Search code examples
rsankey-diagramnetworkd3

Only show selected labels in Sankey networkd3 diagram


the following image shows one of my sankey diagrams:

Sankey Diagram with a lot of labels

As you can see, I do have a lot of labels shown. I know I can disable the labels completely, however, I am interested to know if I can also choose only specific labels I would like to display (either based on ID of the node or the value of path traversals or on something else). Has anyone played around with that yet and could give me a hint?


Solution

  • The node labels come from the NodeID's in the Nodes data frame that you pass to the function.
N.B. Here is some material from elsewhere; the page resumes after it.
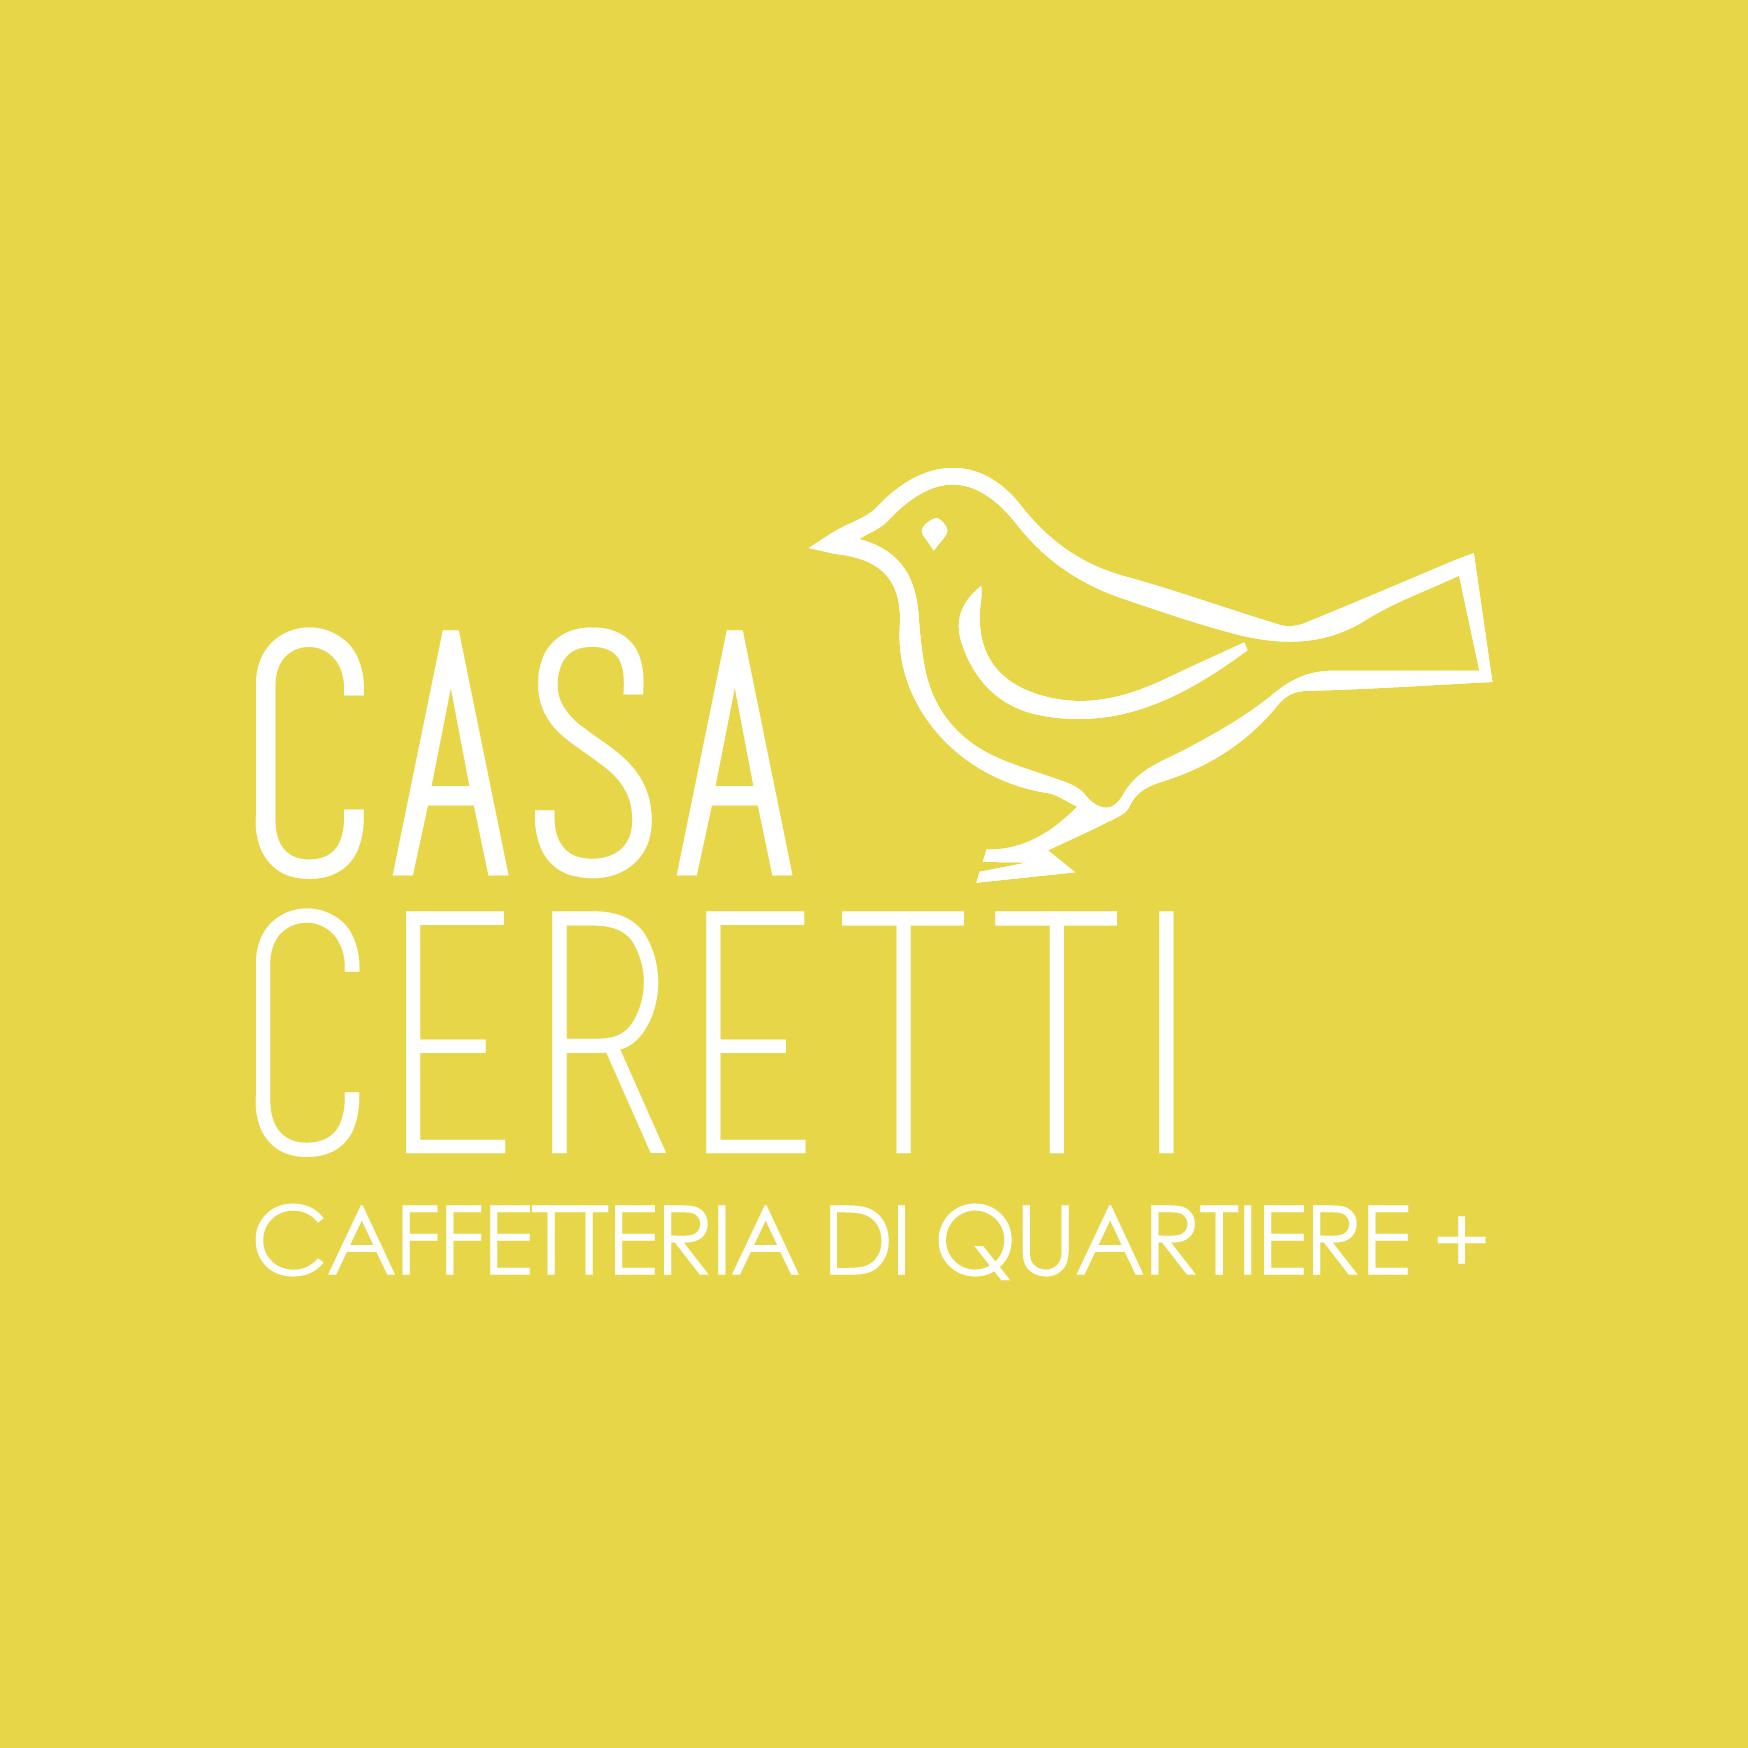 Casa Ceretti

Any of those ID/labels can be a blank string "", which will effectively make the label for the associated node/s not be visible.

    Using the help file's example, this will print a label with each node...
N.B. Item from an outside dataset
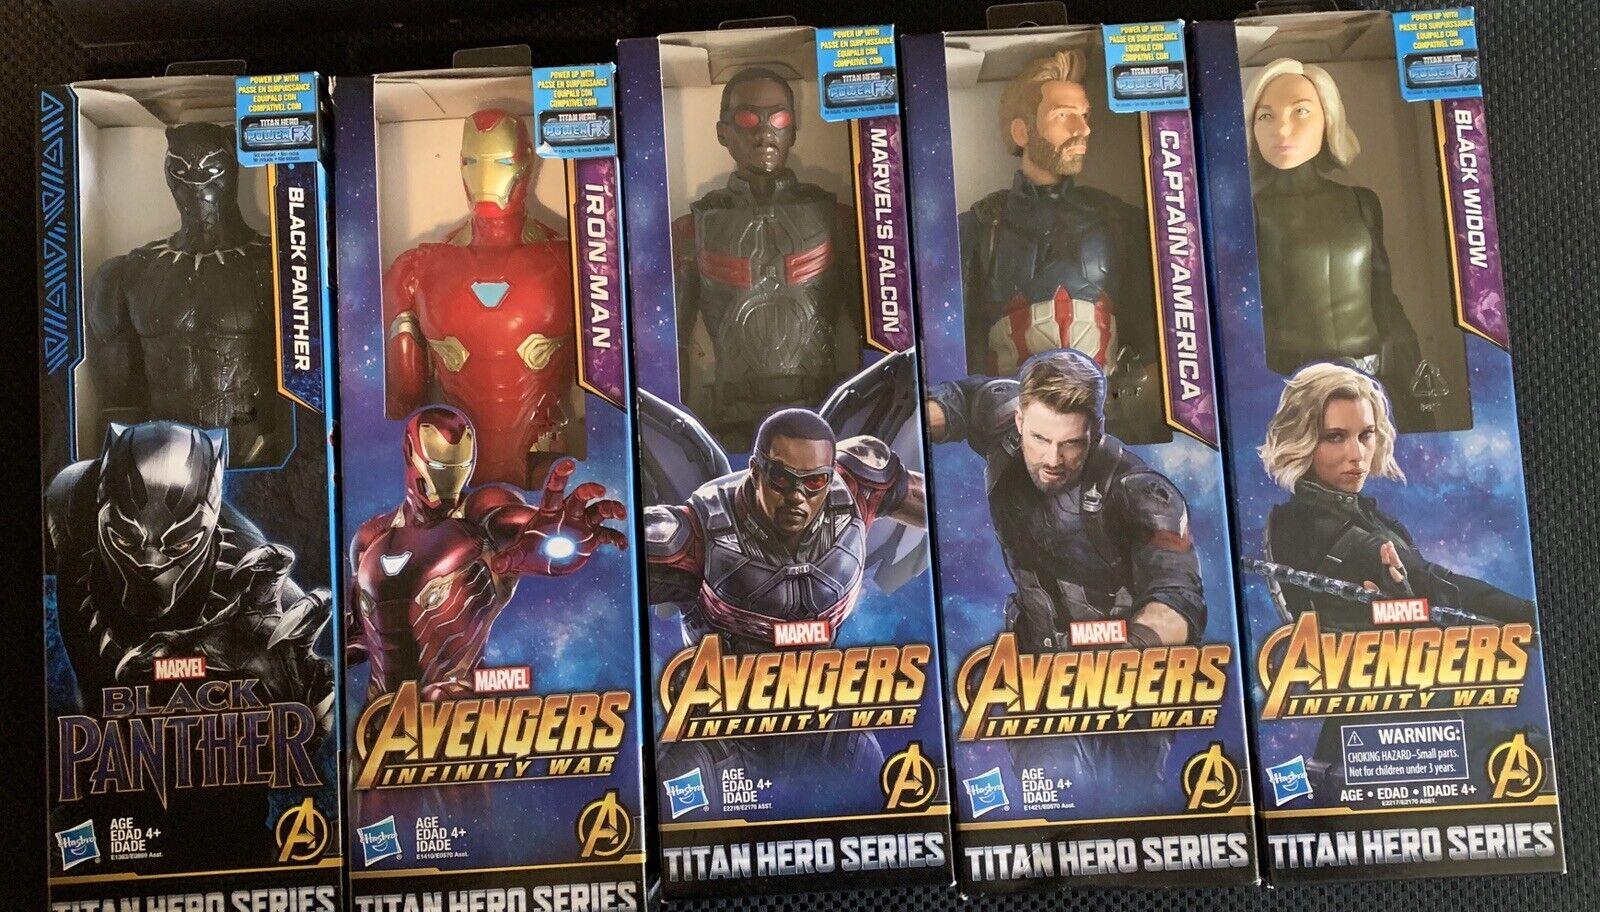 2018 Marvel Avengers Infinity War Titan Hero Series 12  Action Figures Set of 5

    URL <- paste0('https://cdn.rawgit.com/christophergandrud/networkD3/master/JSONdata/energy.json')
    energy <- jsonlite::fromJSON(URL)
    
    sankeyNetwork(Links = energy$links, Nodes = energy$nodes, Source = 'source',
                  Target = 'target', Value = 'value', NodeID = 'name',
                  units = 'TWh', fontSize = 12, nodeWidth = 30)
    

    Whereas this will not print a label for the top-left three 'Oil' nodes...
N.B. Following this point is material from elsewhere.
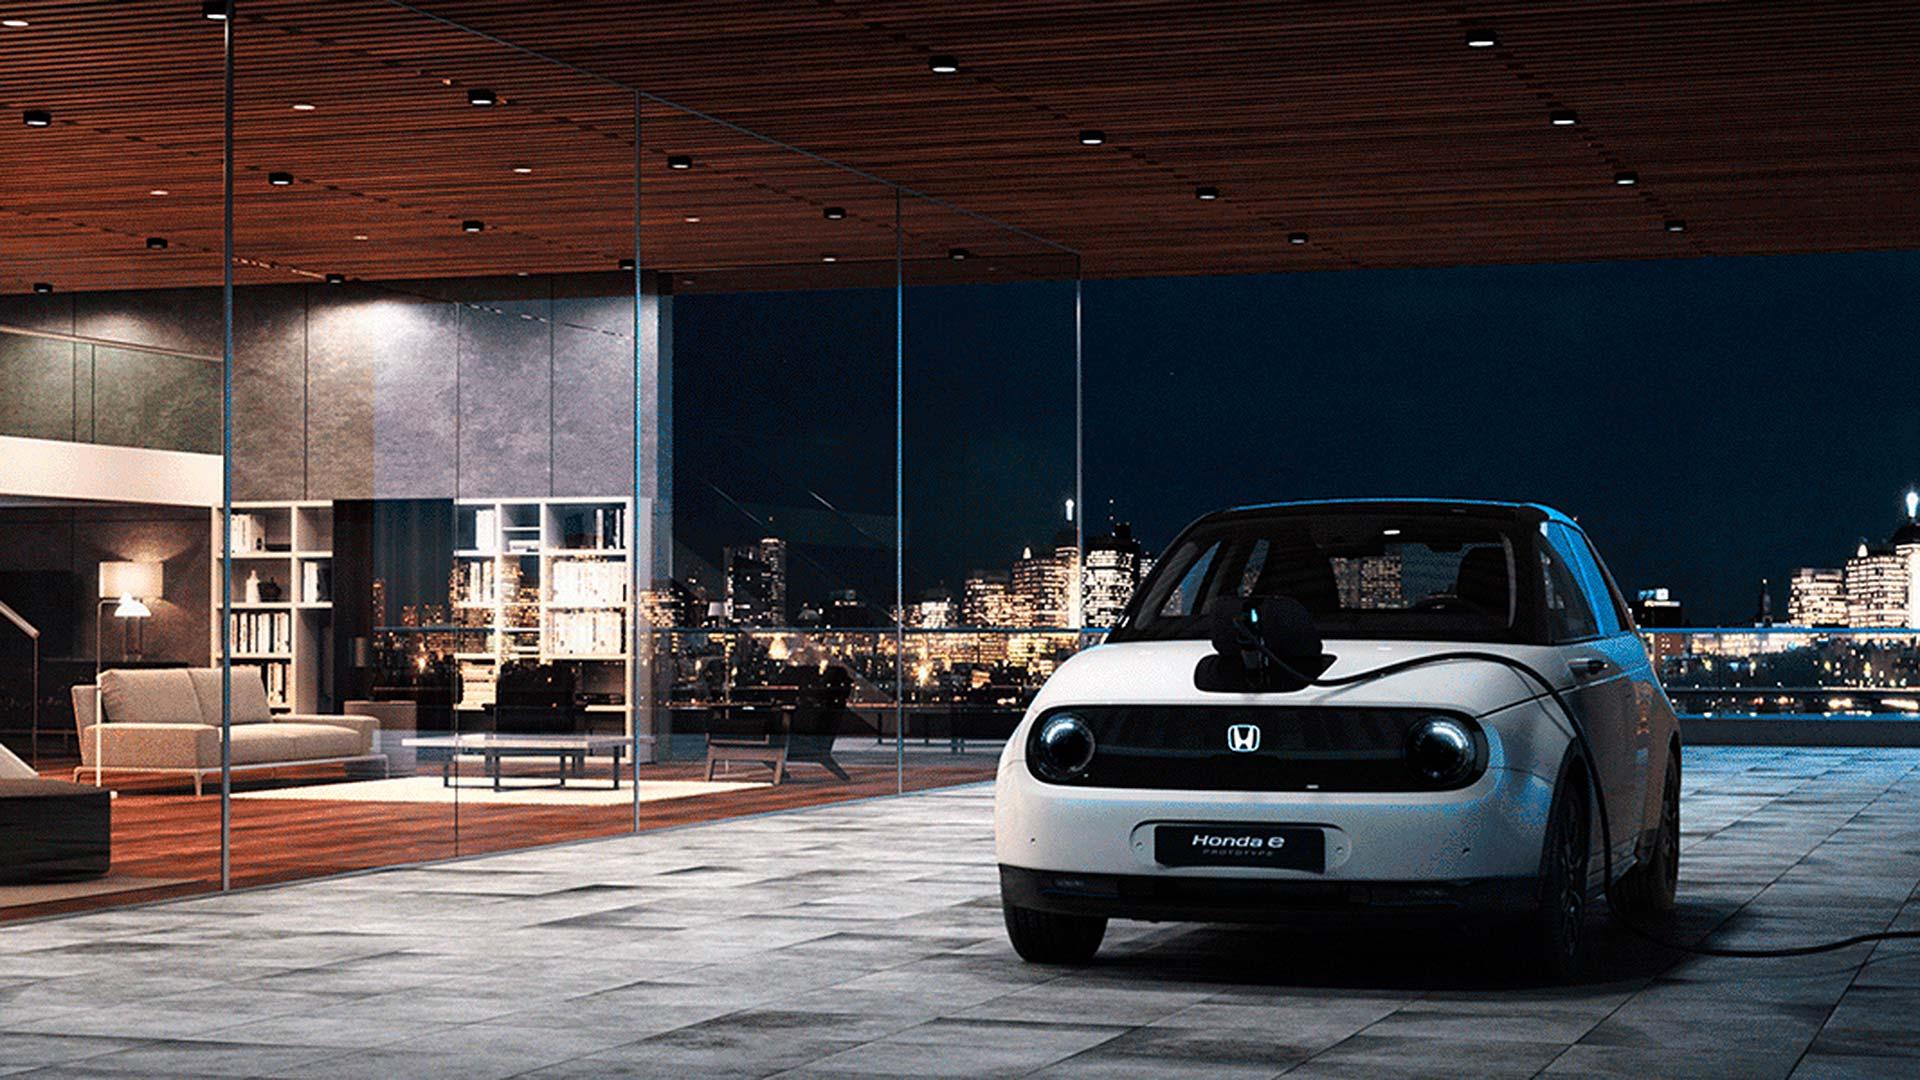 Honda e electric city car

    URL <- paste0('https://cdn.rawgit.com/christophergandrud/networkD3/master/JSONdata/energy.json')
    energy <- jsonlite::fromJSON(URL)
    
    energy$nodes[37:39, ] <- ' '
    
    sankeyNetwork(Links = energy$links, Nodes = energy$nodes, Source = 'source',
                  Target = 'target', Value = 'value', NodeID = 'name',
                  units = 'TWh', fontSize = 12, nodeWidth = 30)
    

    Be careful however when the labels/NodeIDs do not match the Source and Target ids in the Links data frame... when that is the case (as in the examples above) the sankeyNetwork() function relies on the order of the ids in the data frames to associate them.